In fact, I read, long ago, an article about a guy that performed this hack on
Earth during the fairly early days of satellite photography. He drove around
the desert in Southeast US, and placed small reflectors at angles calculated
to reflect sunlight into a passing satellite. This resulted in huge
overexposed letters in the satellite image, since each reflector exposed a
very large pixel/grain of the fairly low-resolution satellite. I can't seem to
find this article anywhere, although I remember it pretty clearly. If you can
find it, I promise to upvote your submission!

------
Someone
You don't need big craters to create a shadow. Plough the moon, turning over
the dust in 20 cm wide and 10 cm high piles. At a square km per machine per
week (I'm making that up, but it is less than a hectare per hour, and the
world record is over 4 square km/day
([http://www.guinnessworldrecords.com/records-1/ploughing-
area...](http://www.guinnessworldrecords.com/records-1/ploughing-area-covered-
in-24hrs/)), likely on way better ground, but not nuclear-powered, either),
that's 'only' 10,000 machine-years.
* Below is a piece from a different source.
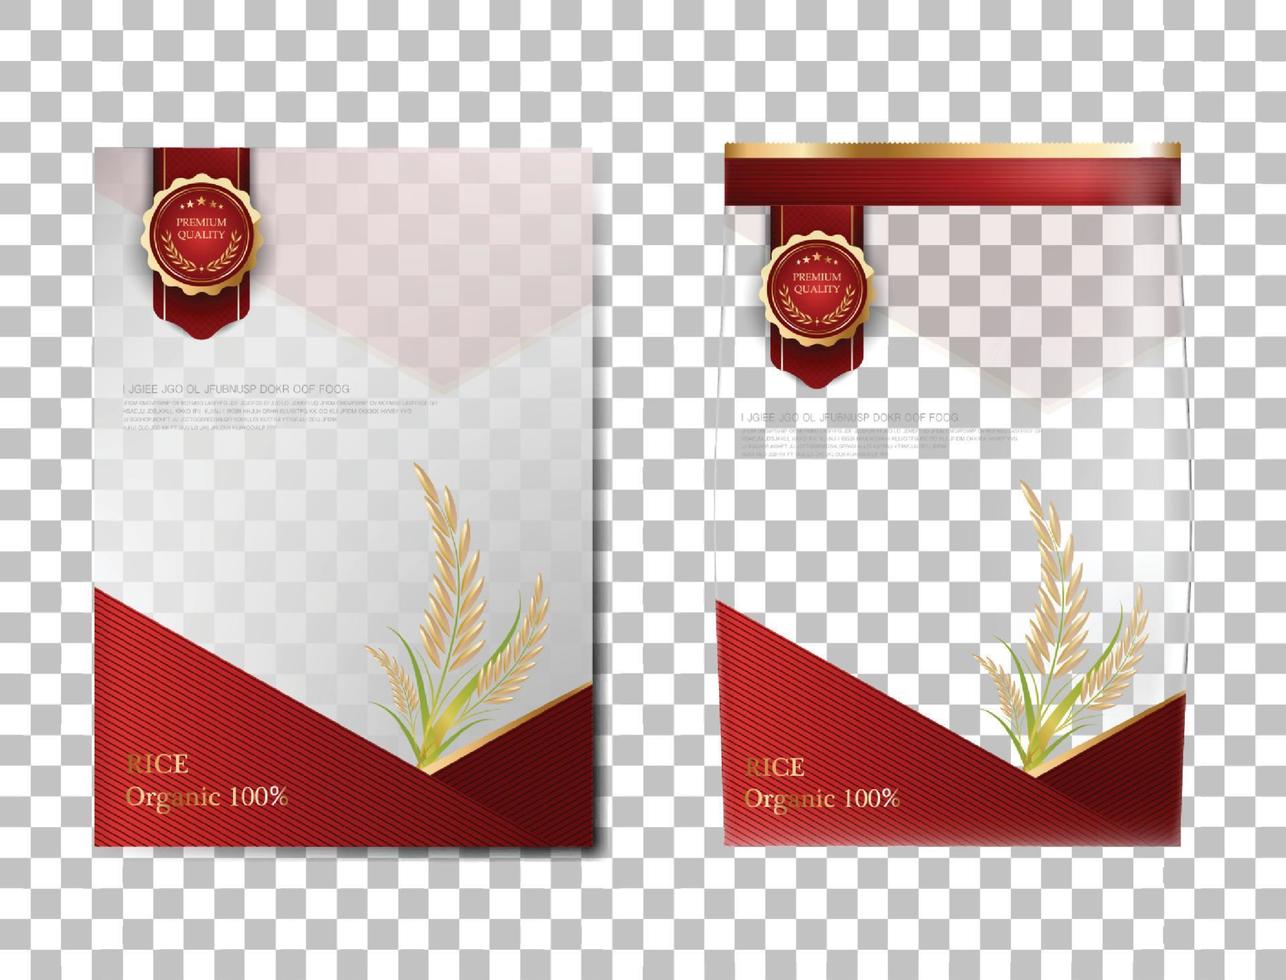 pacchetto di riso prodotti alimentari thailandesi, banner in oro rosso e modello di poster disegno vettoriale riso.

Turn 10,000 nuclear warheads into crude
nuclear engines, and you can do it within a few years.

I might help spending time choosing an area where you can avoid deep craters
and have enough dust to form the piles.

------
dchichkov
It seems like it would be much easier to finally make some self-replicating
bots, or just self-repairing bots, or even just a small factory that can
produce bots... And leave it there for a couple of decades with the task of
writing that 'hello' message.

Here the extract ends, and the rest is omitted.